Hayes: Dumb, honest golfer
Published 10:06 am Monday, November 24, 2008
Commentary by Robert Carter
The North Jefferson News
So the story goes that one J. P. Hayes, who can best be described as a journeyman golfer on the PGA Tour for a number of years, did the right thing — and won’t be on the tour next year because of it.
Any fan of golf knows that it is the only major professional sport where the athletes call penalties on themselves. It is a source of pride among the players and organizers. Such is the game of golf, and has been since Old Tom Morris batted around a feather-filled ball with a hickory stick in Ye Olde Scotland.
But even the most Polyannish of fans will have to admit that what Hayes did carries honor among golfers to its extreme.
Hayes, who finished too far down on the PGA Tour money list this year to have an automatic exemption in 2009, was playing in that annual Bataan Death March that every pro golfer dreads — Qualifying School, or “Q School” for short. This grueling, multi-stage event is the last chance for golfers to get their tour card, which automatically gets them into most events the next year. It’s the difference between really big money and the relatively modest purses played for on the Nationwide Tour, the PGA version of the minor leagues.
Hayes has been on both tours at one time or another since 1992, with a couple of PGA Tour wins and one on the Nationwide Tour. His highest finish at a major tournament was in 2000, where he tied for 19th place in the PGA Championship.
He’s one of about a hundred or so golfers who exist at this level, well below the Tigers, Mickelsons, Sergios and Vijays. They plug along from event to event, making the cut some weeks and missing it the next. Hayes has done reasonably well, with over $7 million in career earnings, so he’s not sharing a dingy room at Motel 6 at tour stops.
He was competing in the second of three stages of this week’s Q School in Texas, doing fairly well despite a two-stroke self-reported penalty in Thursday’s second round. After landing his tee shot on the green and marking his ball, his caddy inadvertently pulled out a different model ball than what he teed off with. Hayes putted out with the different ball, then realized it wasn’t the same model. He called over a official, asked for a ruling, and added two strokes to his scorecard.
That was just the beginning of the troubles.
Later that night, when Hayes did his routine of going through his bag to prepare for the next round, he realized that the errant ball was not an approved model. It was a prototype of a new ball given to him by Titleist for practice rounds. Somehow it got mixed up with his regular balls in his bag.

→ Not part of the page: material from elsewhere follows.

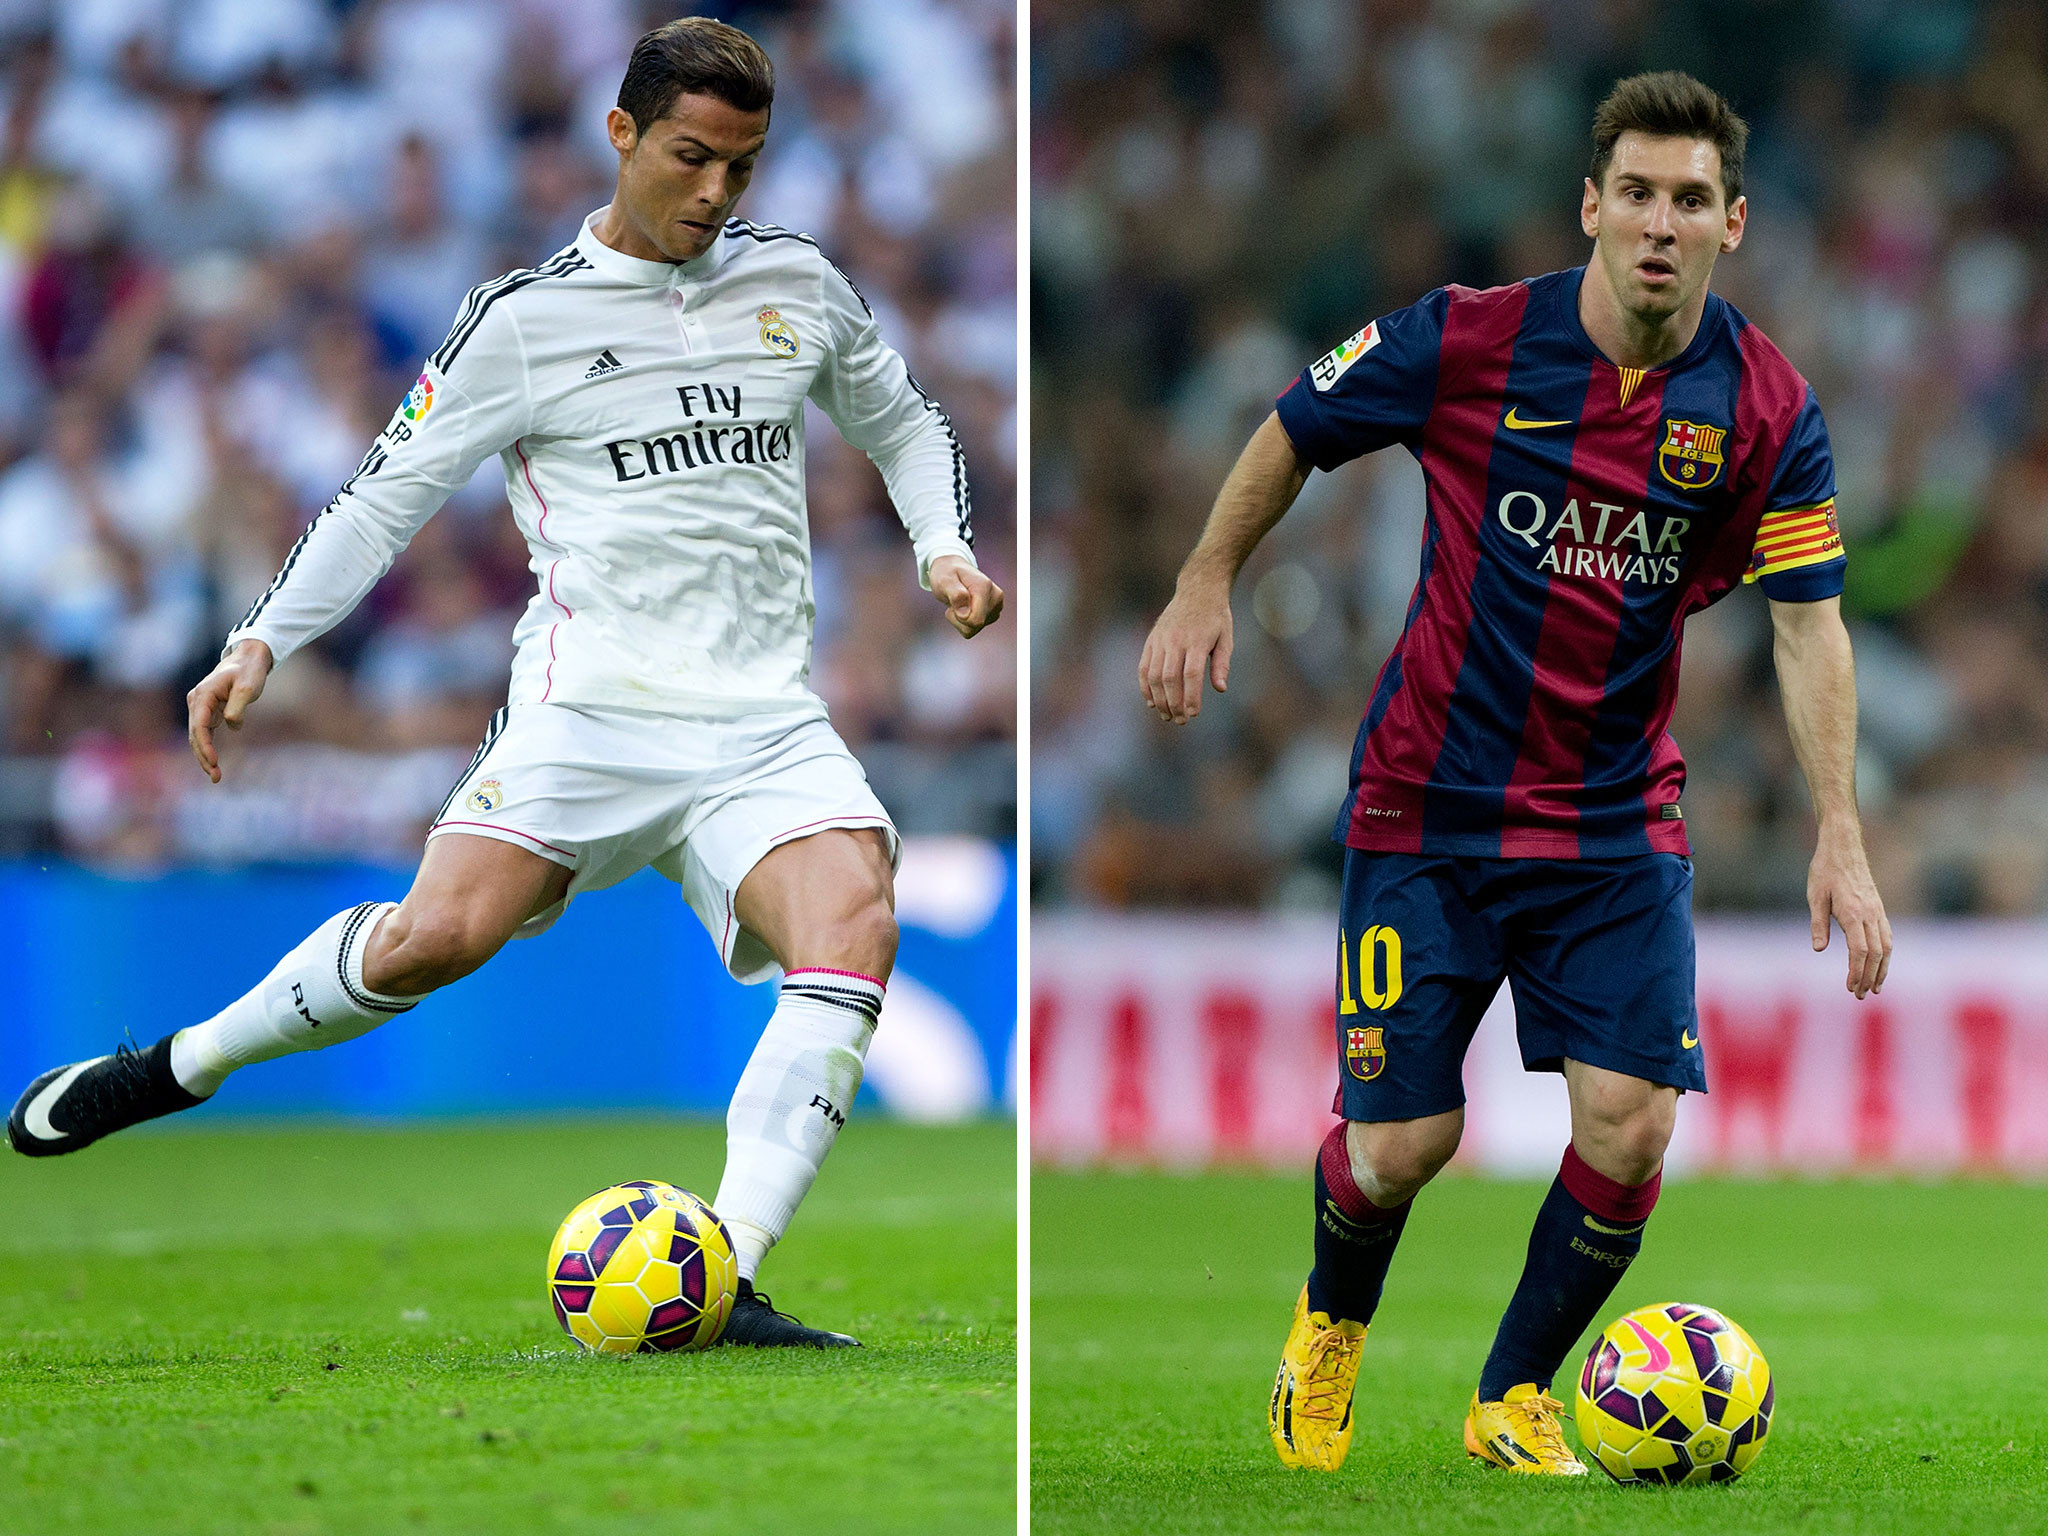 FC Yahoo Mixer: The Cristiano Ronaldo vs. Lionel Messi debate

Bear in mind that this discovery was made when Hayes was all by himself in his motel room. In other words, no one but Hayes and his Maker knew anything of this. Hayes could have tossed the ball into the nearest dumpster and gone on his merry way, with no one else the wiser.
He didn’t.
Hayes called Q School officials and told them of the violation, knowing full well that the result would be disqualification — and no tour card. A mistake that likely cost him tens, maybe hundreds of thousands of dollars in winnings.
“I would say everybody out here would have done the same thing,” Hayes told the Milwaukee Journal Sentinel.
I would hope he’s right. My typical reporter’s cynicism tells me otherwise.
Hayes is not completely out in the cold. There’s the Nationwide Tour, he still qualifies for some PGA events as a past champion, and can get into others on sponsor’s exemptions — and there will likely be a number of sponsors more than willing to capitalize on the publicity about the game’s most honest player.
ESPN’s golf writer Jason Sobel probably put it best: “Call it karma or coincidence, but the golf gods have a way of rewarding those who adhere to the Rules [of Golf].”
But Hayes’ self-disqualification was more than just honesty. In this case, it was just plain guts.
It’s not the kind of guts most of us have. Myself included.